» **Supplied material**:

....

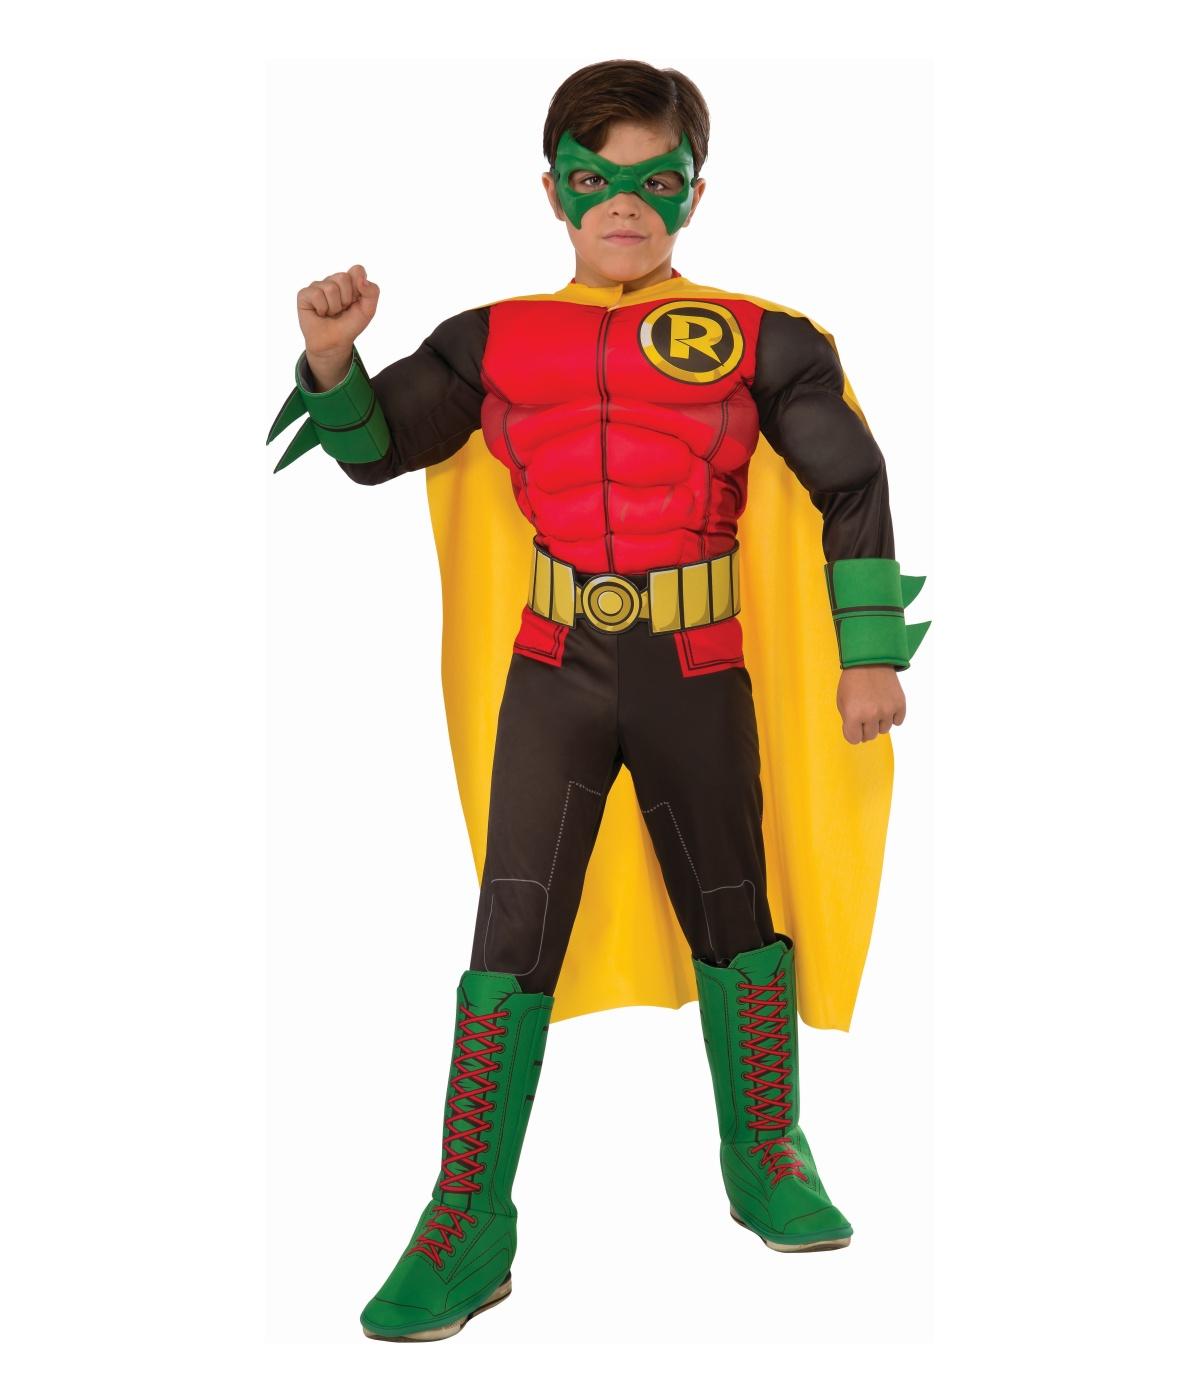 Dc Comics The New 52 Robin Muscle Boys Costume
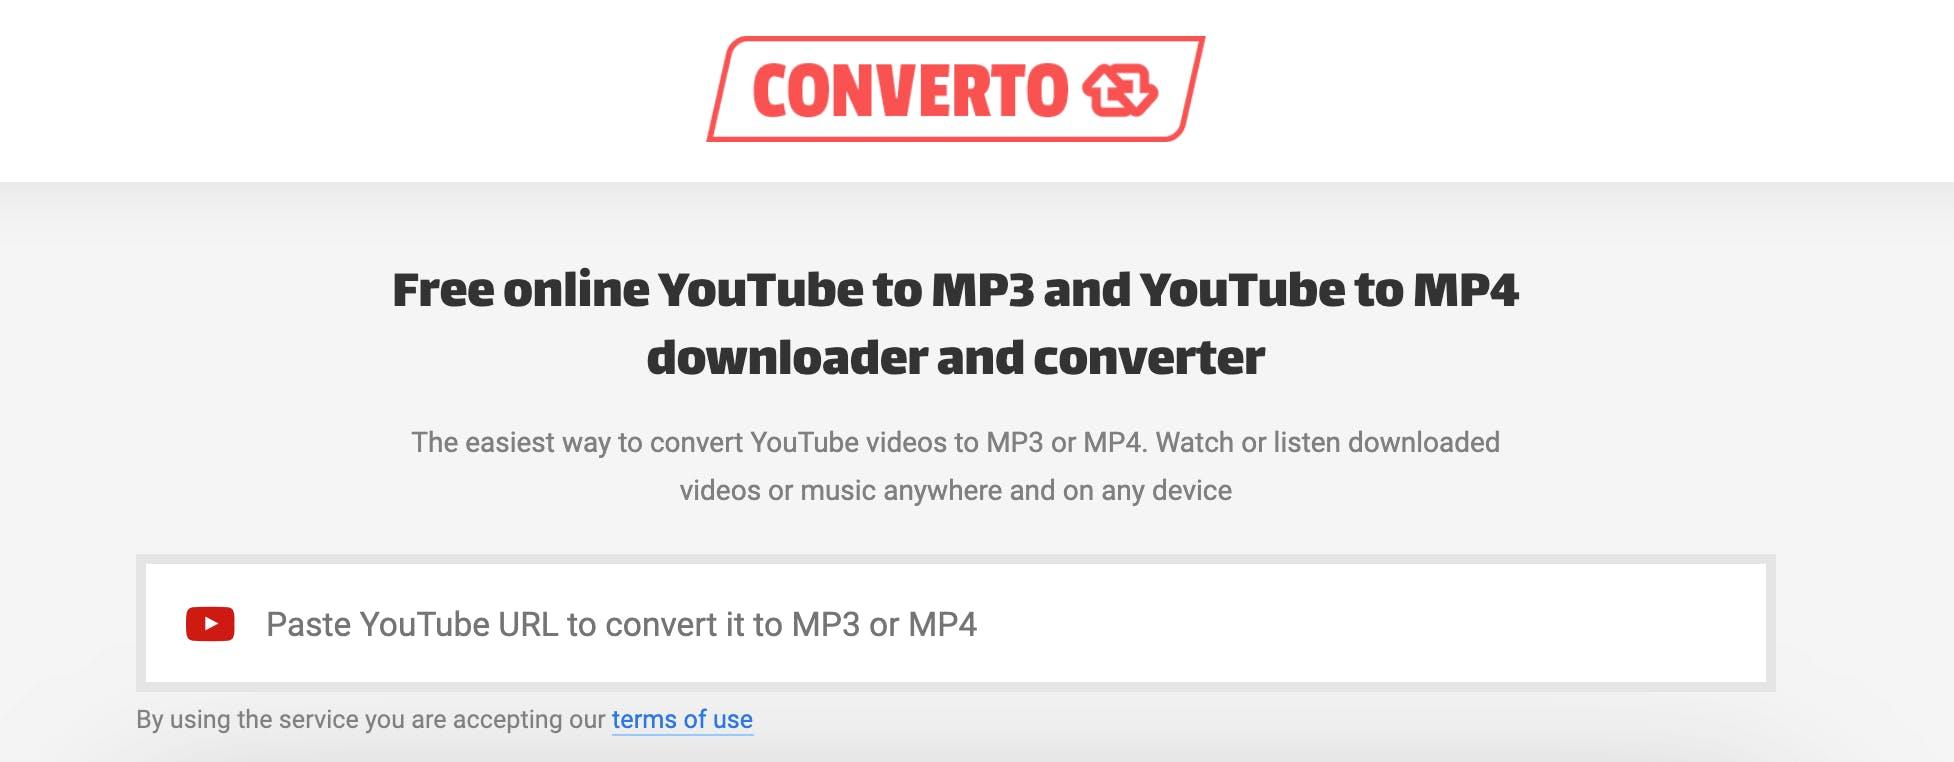 Converto youtube converter
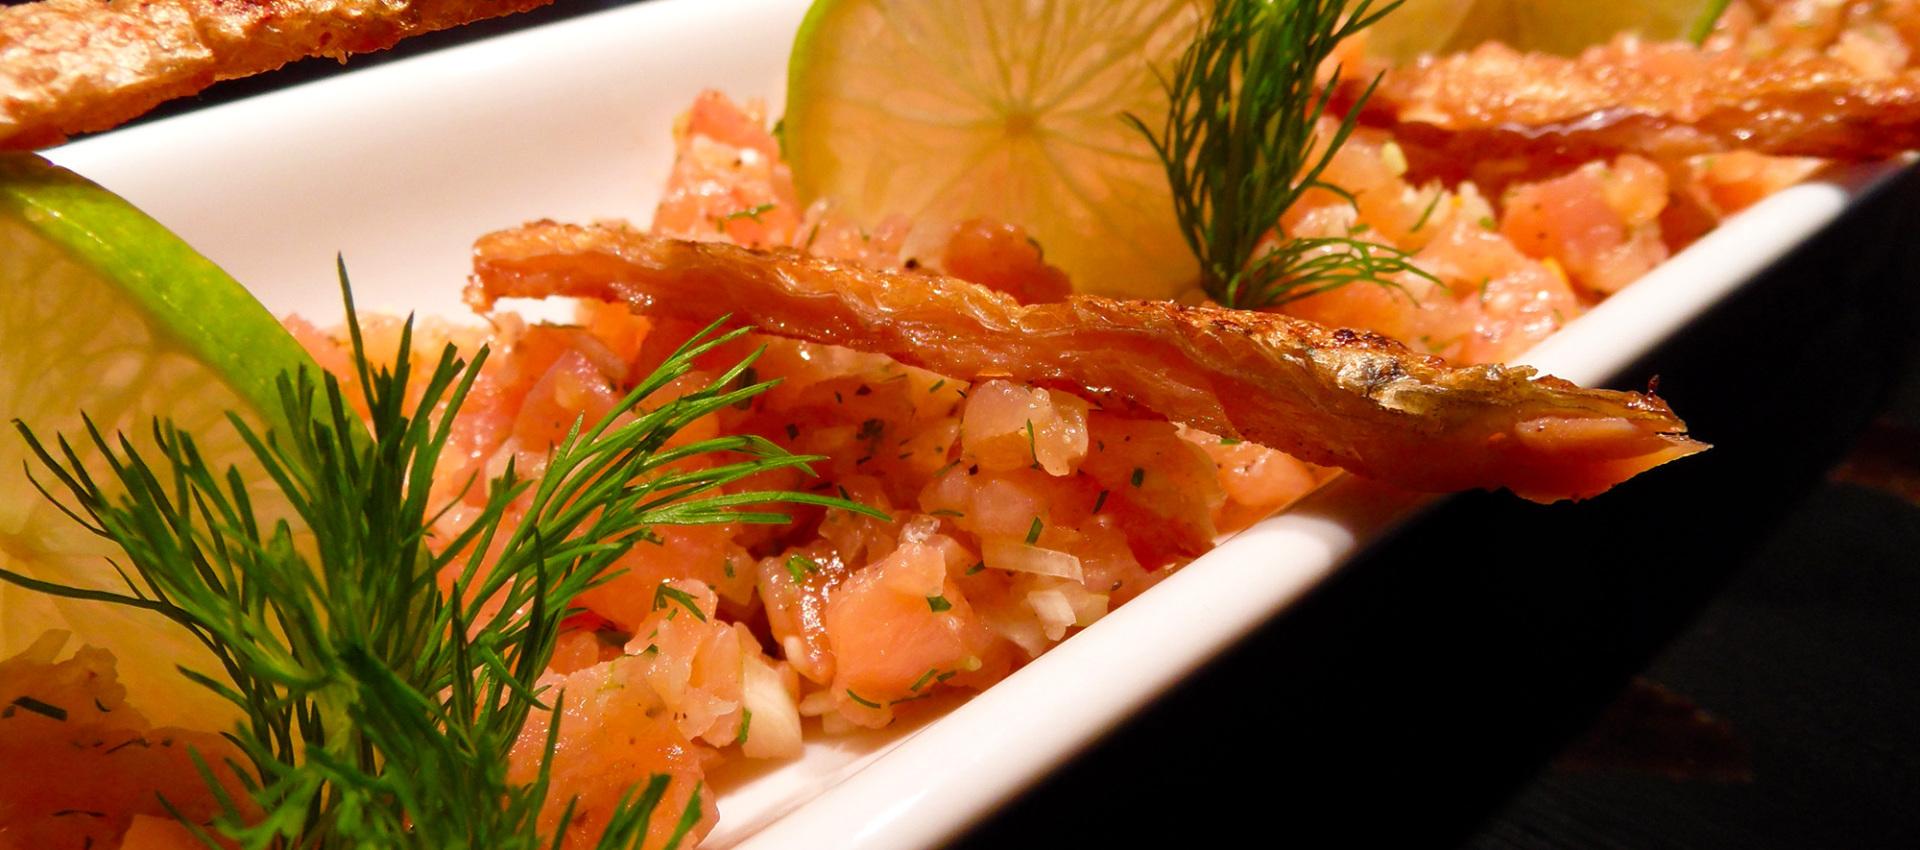 Rezept Lachs Tatar mit Limetten & gebratener Lachshaut - Kochbock.de
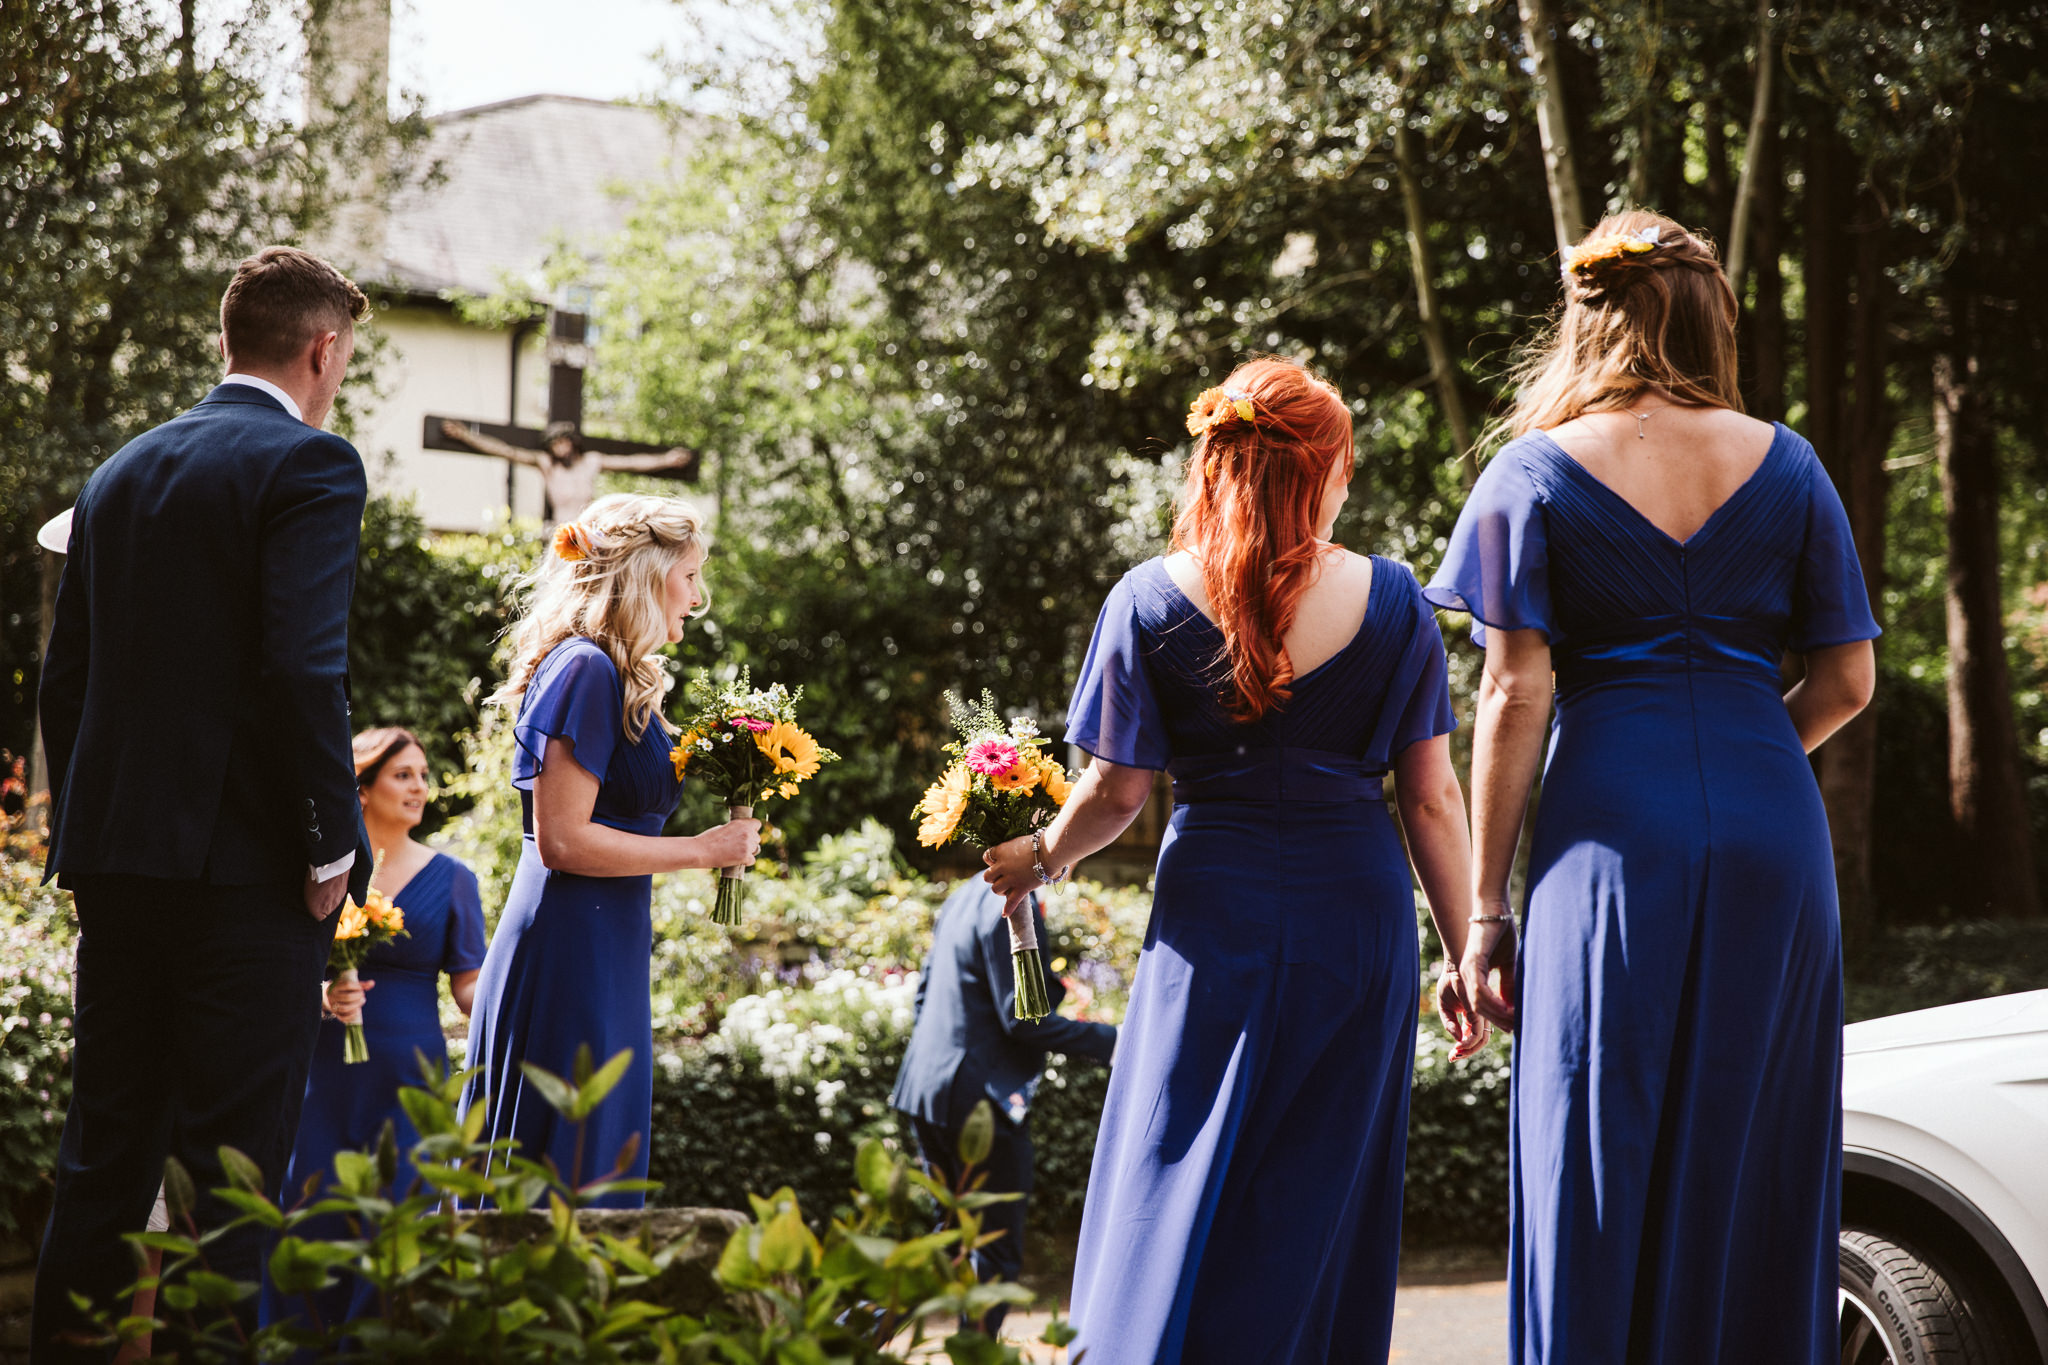 northside-farm-wedding-northumberland-margarita-hope (20).jpg

....

» **Directions**:
The answer is the listing above repeated verbatim, minus its images.

» **Completed exercise**:
 Dc Comics The New 52 Robin Muscle Boys Costume
 Converto youtube converter
 Rezept Lachs Tatar mit Limetten & gebratener Lachshaut - Kochbock.de
 northside-farm-wedding-northumberland-margarita-hope (20).jpg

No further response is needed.